From the line with "Black Diamond Treeline" through the final line of the entries below, write out each line exactly and nothing else.

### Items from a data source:

==*==

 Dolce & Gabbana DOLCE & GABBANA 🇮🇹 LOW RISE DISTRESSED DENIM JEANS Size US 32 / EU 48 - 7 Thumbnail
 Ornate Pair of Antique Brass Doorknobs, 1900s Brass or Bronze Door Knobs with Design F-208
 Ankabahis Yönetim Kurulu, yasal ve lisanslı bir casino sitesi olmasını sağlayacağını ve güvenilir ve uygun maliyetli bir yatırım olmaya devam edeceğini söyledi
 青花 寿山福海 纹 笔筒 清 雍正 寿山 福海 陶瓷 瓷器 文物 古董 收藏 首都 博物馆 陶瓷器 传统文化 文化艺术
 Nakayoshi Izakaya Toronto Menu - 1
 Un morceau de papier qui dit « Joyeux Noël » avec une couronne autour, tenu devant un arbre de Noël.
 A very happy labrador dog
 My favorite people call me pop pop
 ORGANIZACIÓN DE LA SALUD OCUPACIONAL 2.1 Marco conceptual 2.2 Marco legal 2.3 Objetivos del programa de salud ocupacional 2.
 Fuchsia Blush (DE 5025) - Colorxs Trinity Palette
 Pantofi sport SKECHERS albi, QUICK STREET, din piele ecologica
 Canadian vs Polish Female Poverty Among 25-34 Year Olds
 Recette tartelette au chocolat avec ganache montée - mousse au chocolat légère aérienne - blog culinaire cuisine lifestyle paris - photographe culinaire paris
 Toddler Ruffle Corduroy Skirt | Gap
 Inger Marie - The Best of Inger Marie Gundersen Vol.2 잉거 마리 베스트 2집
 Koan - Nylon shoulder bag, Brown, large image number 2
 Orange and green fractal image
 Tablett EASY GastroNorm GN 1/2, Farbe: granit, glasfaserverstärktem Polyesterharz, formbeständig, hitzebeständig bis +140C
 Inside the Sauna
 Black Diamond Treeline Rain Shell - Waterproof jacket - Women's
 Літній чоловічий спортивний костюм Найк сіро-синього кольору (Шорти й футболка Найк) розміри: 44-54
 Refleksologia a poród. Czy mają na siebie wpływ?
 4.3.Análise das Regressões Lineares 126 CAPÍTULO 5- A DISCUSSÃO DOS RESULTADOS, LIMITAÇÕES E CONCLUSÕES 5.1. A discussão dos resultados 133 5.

==*==

### RESPONSE AREA:
 Black Diamond Treeline Rain Shell - Waterproof jacket - Women's
 Літній чоловічий спортивний костюм Найк сіро-синього кольору (Шорти й футболка Найк) розміри: 44-54
 Refleksologia a poród. Czy mają na siebie wpływ?
 4.3.Análise das Regressões Lineares 126 CAPÍTULO 5- A DISCUSSÃO DOS RESULTADOS, LIMITAÇÕES E CONCLUSÕES 5.1. A discussão dos resultados 133 5.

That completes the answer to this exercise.